Tutorial on how to operate byte streams/binary streams in the struct module of Python, pythonstruct
Preface
Recently, I used Python to parse the MNIST dataset in the IDX file format and needed to read the binary file. I used the struct module. I checked many tutorials on the Internet and wrote quite well, but it was not very friendly to new users.

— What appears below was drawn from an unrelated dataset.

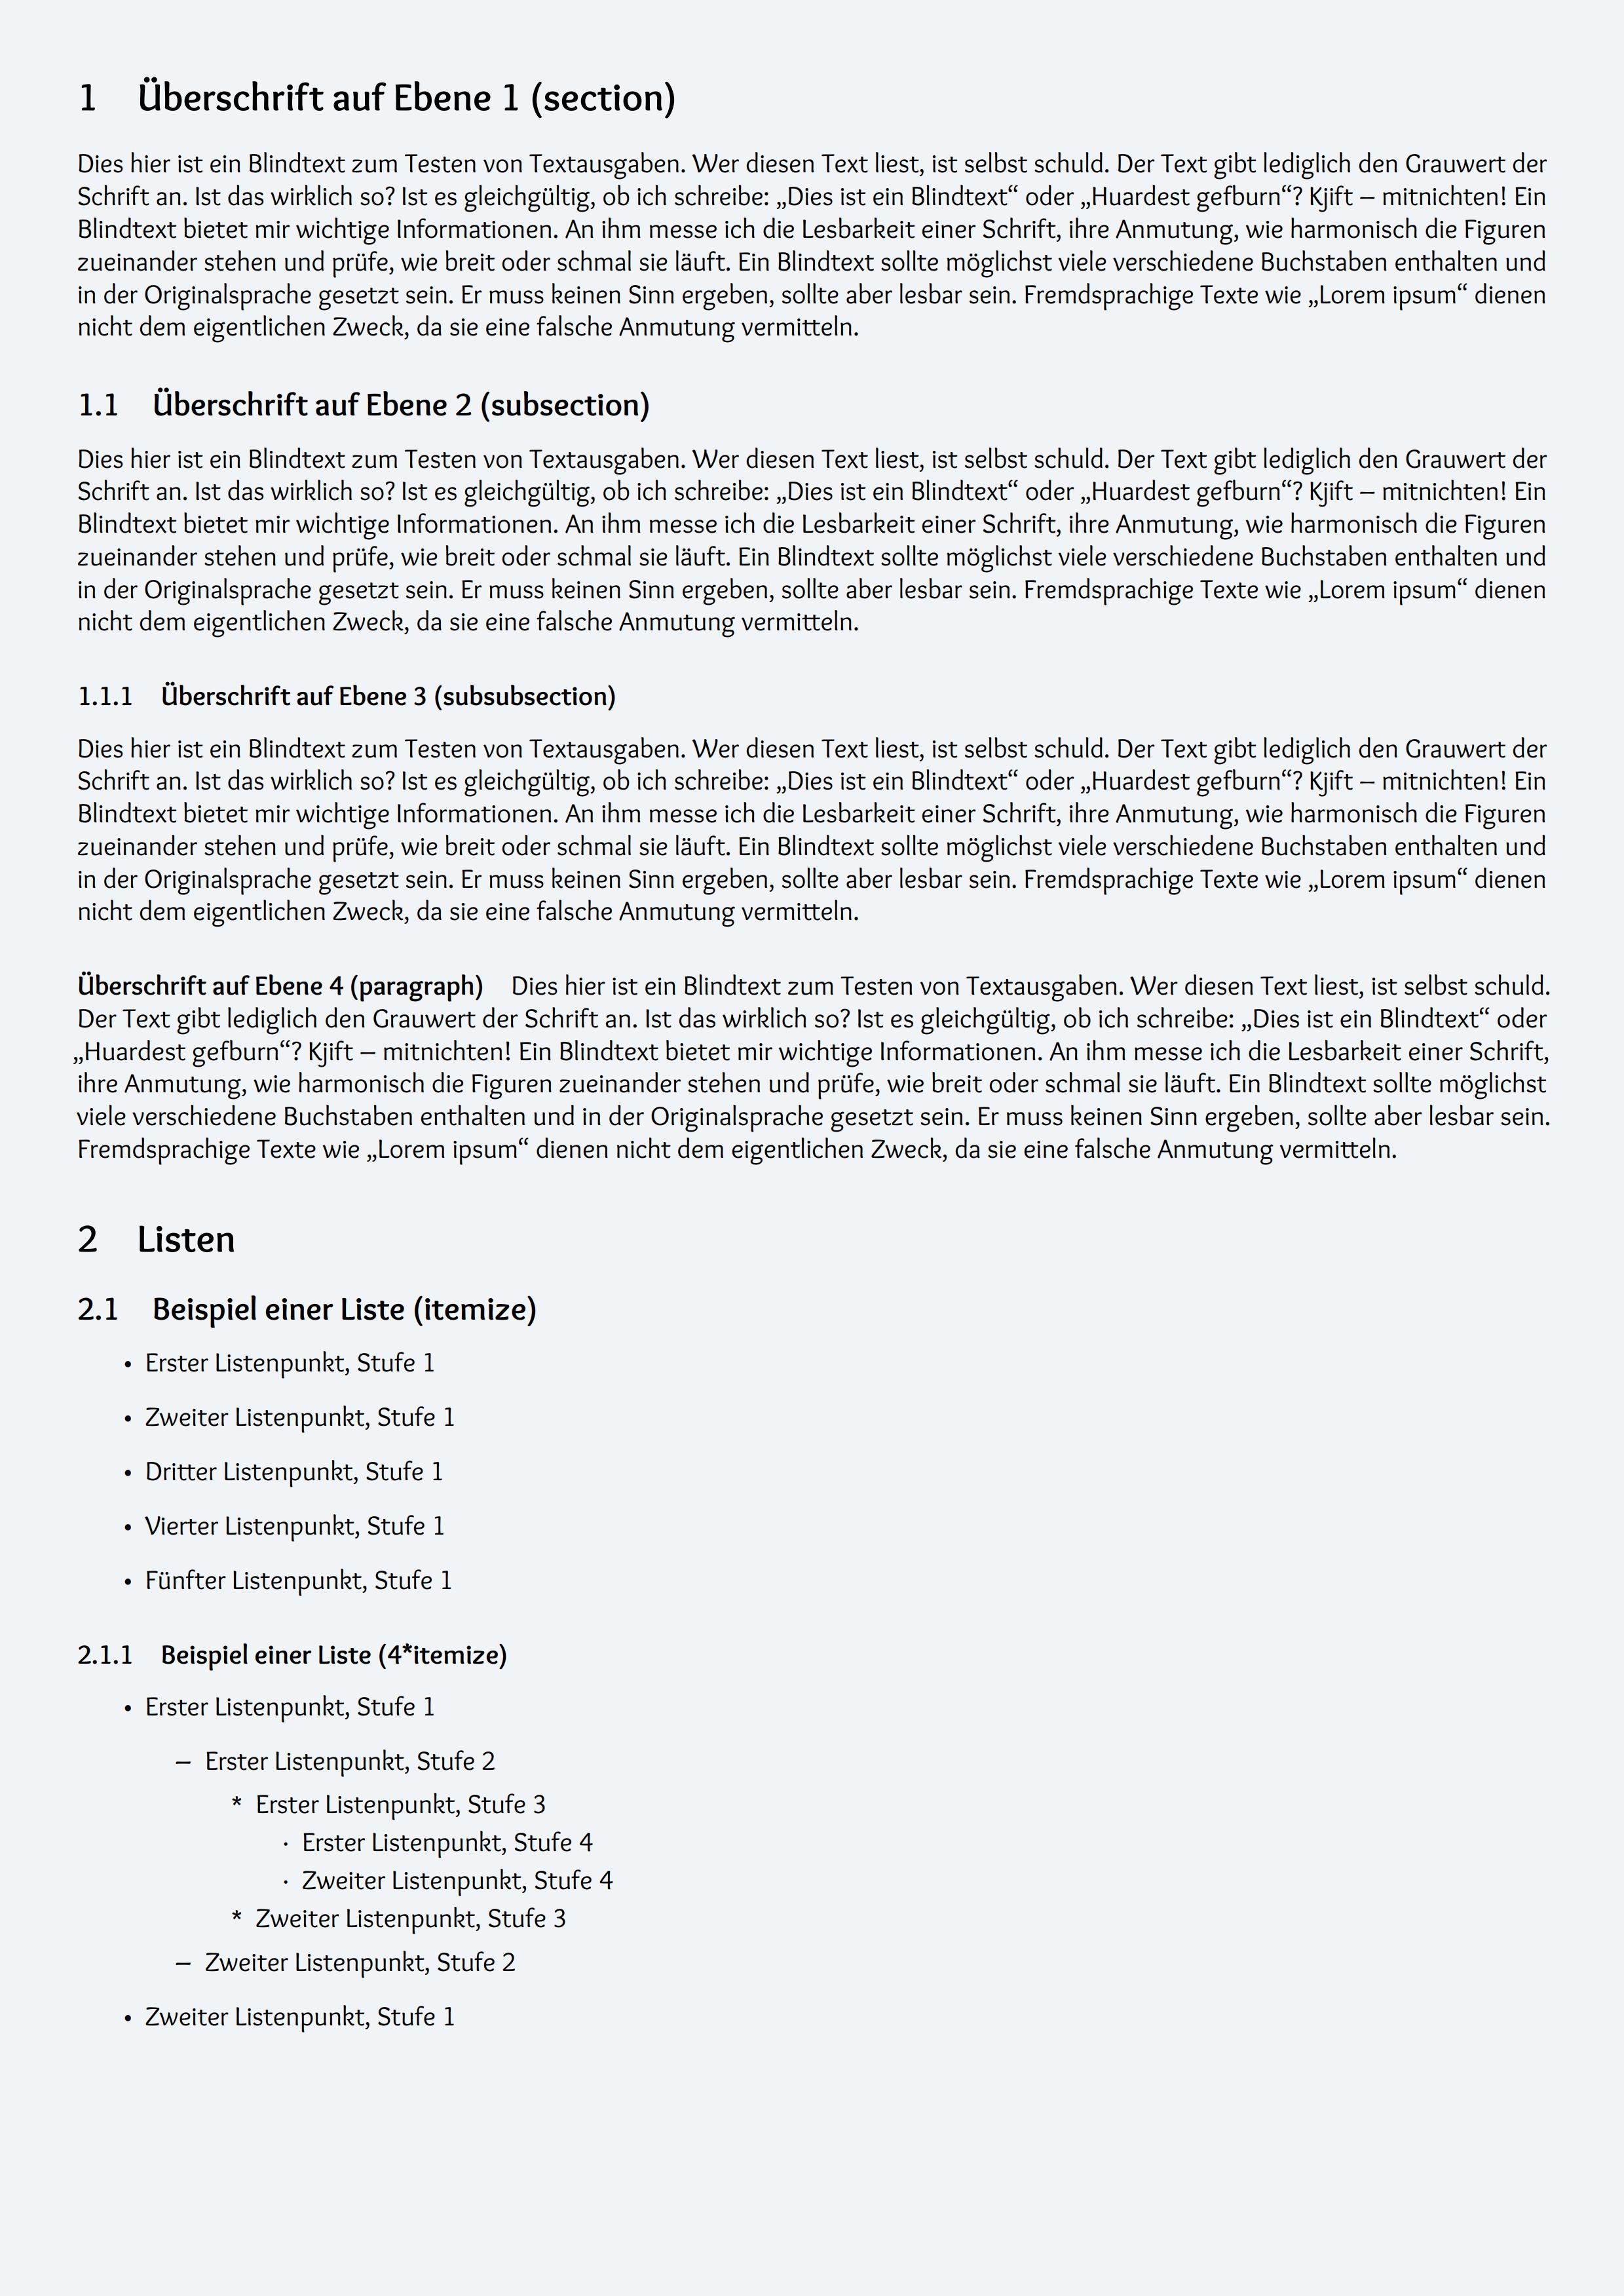 LaTeX 制作的简历工作申请文书

So I rearranged some notes for quick start.
Note:The following four terms are synonymous: binary stream, binary array, byte stream, and byte array.
Quick Start
In the struct module, when an integer, floating point, or character stream (character array) is converted to a byte stream (byte array, you need to use the formatted string fmt to tell the struct module the type of the object to be converted. For example, the integer is 'I', the floating point number is 'F', and an ascii character is 'S '.

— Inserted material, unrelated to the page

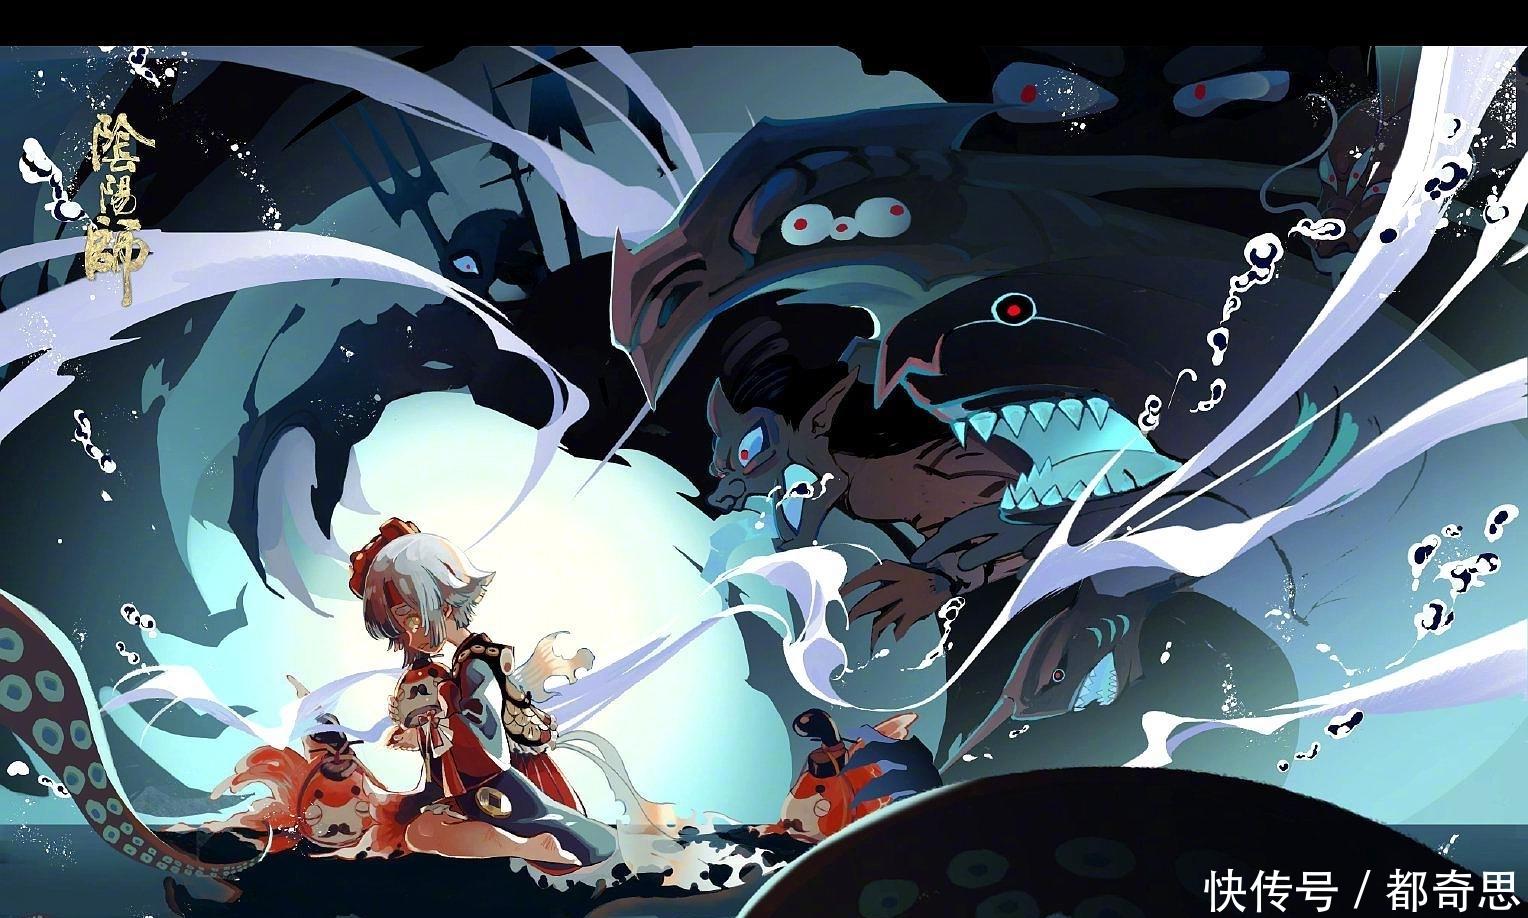 阴阳师:神秘的蓝发少女,让金鱼姬体验一次征服世界的感觉

Def demo1 (): # Use bin_buf = struct. pack (fmt, buf) sets buf as a binary array bin_buf # Use buf = struct. unpack (fmt, bin_buf) returns the bin_buf binary array to the buf # integer-> binary stream buf1 = 256 bin_buf1 = struct. pack ('I', buf1) # 'I' indicates 'integer' ret1 = struct. unpack ('I', bin_buf1) print bin_buf1, '<===>', ret1 # Floating Point Number-> binary stream buf2 = 3.1415 bin_buf2 = struct. pack ('D', buf2) # 'D' indicates 'double' ret2 = struct. unpack ('D', bin_buf2) print bin_buf2, '<===>', ret2 # string-> binary stream buf3 = 'Hello world' bin_buf3 = struct. pack ('11s', buf3) # '11s' indicates the 'string' character array ret3 = struct. unpack ('11s', bin_buf3) print bin_buf3, '<===>', ret3 # struct-> binary stream # assume there is a struct # struct header {# int buf1; # double buf2; # char buf3 [11]; #} bin_buf_all = struct. pack ('id11s', buf1, buf2, buf3) ret_all = struct. unpack ('id11s', bin_buf_all) print bin_buf_all, '<==>', ret_all
The output result is as follows:
Demo1 output result
Detailed description of struct module
Main functions
The three most important functions in the struct module are:pack()
,unpack()
,calcsize()
# Encapsulate data into a string (in fact, a byte stream similar to a c struct) based on the given formatted string. string = struct. pack (fmt, v1, v2 ,...) # parse the byte stream string according to the given format (fmt), and return the parsed tupletuple = unpack (fmt, string) # Calculate the given format (fmt) memory offset = calcsize (fmt)
Format String in struct
The following table lists the formats supported by struct:
Format |
C Type |
Python |
Bytes |
X |
Pad byte |
No value |
1 |
C |
Char |
String of length 1 |
1 |
B |
Signed char |
Integer |
1 |
B |
Unsigned char |
Integer |
1 |
? |
_ Bool |
Bool |
1 |
H |
Short |
Integer |
2 |
H |
Unsigned short |
Integer |
2 |
I |
Int |
Integer |
4 |
I |
Unsigned int |
Integer or lon |
4 |
L |
Long |
Integer |
4 |
L |
Unsigned long |
Long |
4 |
Q |
Long |
Long |
8 |
Q |
Unsigned long |
Long |
8 |
F |
Float |
Float |
4 |
D |
Double |
Float |
8 |
S |
Char [] |
String |
1 |
P |
Char [] |
String |
1 |
P |
Void * |
Long |
|
Note 1: q and Q are only interesting when the machine supports 64-bit operations.
NOTE 2: there can be a number before each format, indicating the number
Note 3: The s format indicates a string of a certain length. 4s indicates a string of 4, but p indicates a pascal string.
Note 4: P is used to convert a pointer. Its length is related to the machine length.
Note 5: The last one can be used to indicate the pointer type, which occupies 4 bytes.
In order to exchange data with the struct in c, some c or c ++ compilers use byte alignment, which is usually a 32-bit System in 4 bytes, therefore, struct is converted in byte sequence based on the local machine. you can use the first character in the format to change the alignment. definition:
Character |
Byte order |
Size and alignment |
@ |
Native |
Native makes up 4 bytes |
= |
Native |
Standard is based on the number of original bytes |
< |
Little-endian |
Standard is based on the number of original bytes |
> |
Big-endian |
Standard is based on the number of original bytes |
! |
Network (= big-endian) |
Standard is based on the number of original bytes |
The usage is placed at the first position of fmt, like '@ 5s6sif'
Summary
The above is all the content of this article. I hope the content of this article will help you in your study or work. If you have any questions, you can leave a message.